Records shown =>
>>>>>

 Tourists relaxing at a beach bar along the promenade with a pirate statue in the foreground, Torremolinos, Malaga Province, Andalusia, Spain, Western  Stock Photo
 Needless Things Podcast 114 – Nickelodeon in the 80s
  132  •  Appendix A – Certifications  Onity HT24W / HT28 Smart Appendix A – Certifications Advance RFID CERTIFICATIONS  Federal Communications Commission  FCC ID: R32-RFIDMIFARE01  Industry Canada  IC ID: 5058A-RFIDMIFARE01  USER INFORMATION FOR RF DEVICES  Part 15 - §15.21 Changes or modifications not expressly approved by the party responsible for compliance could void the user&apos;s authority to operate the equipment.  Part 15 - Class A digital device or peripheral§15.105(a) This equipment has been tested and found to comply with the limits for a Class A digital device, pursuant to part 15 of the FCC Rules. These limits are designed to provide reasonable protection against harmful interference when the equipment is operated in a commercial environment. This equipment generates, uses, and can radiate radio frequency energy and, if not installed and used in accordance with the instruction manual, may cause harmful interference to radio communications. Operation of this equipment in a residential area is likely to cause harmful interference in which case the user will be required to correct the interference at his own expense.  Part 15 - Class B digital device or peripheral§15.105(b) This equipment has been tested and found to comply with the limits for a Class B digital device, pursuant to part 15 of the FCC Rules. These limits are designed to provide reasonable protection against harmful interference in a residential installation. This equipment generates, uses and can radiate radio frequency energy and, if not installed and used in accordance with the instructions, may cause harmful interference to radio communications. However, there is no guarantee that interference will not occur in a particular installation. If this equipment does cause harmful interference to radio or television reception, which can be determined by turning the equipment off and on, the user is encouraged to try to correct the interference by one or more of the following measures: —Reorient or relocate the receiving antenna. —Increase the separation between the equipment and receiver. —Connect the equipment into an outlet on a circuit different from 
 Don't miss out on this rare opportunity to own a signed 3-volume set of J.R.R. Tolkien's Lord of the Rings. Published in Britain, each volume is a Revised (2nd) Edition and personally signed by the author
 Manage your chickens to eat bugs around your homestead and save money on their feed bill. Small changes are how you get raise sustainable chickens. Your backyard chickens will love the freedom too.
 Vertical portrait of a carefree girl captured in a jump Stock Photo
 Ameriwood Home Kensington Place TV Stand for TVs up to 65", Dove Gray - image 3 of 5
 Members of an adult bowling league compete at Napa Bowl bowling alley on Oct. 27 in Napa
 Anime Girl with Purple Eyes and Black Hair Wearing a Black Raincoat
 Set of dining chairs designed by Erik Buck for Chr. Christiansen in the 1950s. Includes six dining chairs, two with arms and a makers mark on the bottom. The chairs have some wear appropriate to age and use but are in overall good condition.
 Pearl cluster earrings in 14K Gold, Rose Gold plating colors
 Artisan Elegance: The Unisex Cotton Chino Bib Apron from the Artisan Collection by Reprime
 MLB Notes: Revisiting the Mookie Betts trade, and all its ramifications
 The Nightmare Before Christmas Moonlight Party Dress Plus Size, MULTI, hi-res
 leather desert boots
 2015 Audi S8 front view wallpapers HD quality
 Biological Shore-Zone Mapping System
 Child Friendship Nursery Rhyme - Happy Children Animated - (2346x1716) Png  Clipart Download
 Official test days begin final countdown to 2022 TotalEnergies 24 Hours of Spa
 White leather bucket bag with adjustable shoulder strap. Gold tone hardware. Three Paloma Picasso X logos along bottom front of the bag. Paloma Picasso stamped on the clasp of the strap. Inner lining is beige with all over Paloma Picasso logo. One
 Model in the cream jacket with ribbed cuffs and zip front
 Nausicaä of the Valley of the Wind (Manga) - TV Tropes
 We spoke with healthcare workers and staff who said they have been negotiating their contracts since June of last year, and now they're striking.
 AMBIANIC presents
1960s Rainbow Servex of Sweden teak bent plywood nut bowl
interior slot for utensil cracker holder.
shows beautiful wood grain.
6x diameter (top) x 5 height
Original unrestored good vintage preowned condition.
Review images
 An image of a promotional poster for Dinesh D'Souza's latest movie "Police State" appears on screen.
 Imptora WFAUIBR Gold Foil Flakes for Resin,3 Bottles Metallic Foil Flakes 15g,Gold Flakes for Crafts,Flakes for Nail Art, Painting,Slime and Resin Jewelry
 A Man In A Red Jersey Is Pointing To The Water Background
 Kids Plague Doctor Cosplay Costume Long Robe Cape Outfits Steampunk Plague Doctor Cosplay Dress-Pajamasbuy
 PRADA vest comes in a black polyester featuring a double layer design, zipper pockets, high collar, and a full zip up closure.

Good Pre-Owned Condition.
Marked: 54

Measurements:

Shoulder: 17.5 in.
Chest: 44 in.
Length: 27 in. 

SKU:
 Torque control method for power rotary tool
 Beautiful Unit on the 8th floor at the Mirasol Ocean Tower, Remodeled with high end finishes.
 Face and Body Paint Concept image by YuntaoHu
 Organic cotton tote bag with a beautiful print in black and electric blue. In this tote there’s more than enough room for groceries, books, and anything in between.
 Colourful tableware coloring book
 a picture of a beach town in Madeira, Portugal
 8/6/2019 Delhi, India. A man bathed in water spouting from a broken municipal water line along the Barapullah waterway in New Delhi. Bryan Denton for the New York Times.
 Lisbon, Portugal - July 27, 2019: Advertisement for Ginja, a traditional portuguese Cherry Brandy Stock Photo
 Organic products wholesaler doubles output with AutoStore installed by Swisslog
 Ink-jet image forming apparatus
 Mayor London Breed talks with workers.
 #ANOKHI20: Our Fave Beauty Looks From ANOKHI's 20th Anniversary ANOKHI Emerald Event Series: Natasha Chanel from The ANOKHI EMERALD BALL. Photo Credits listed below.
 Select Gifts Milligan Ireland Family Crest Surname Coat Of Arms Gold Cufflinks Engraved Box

<<<<<

Task to carry out =>
Scan the records above and show every line in which the word "along" occurs.

Output for this exercise =>
 Tourists relaxing at a beach bar along the promenade with a pirate statue in the foreground, Torremolinos, Malaga Province, Andalusia, Spain, Western  Stock Photo
 White leather bucket bag with adjustable shoulder strap. Gold tone hardware. Three Paloma Picasso X logos along bottom front of the bag. Paloma Picasso stamped on the clasp of the strap. Inner lining is beige with all over Paloma Picasso logo. One
 8/6/2019 Delhi, India. A man bathed in water spouting from a broken municipal water line along the Barapullah waterway in New Delhi. Bryan Denton for the New York Times.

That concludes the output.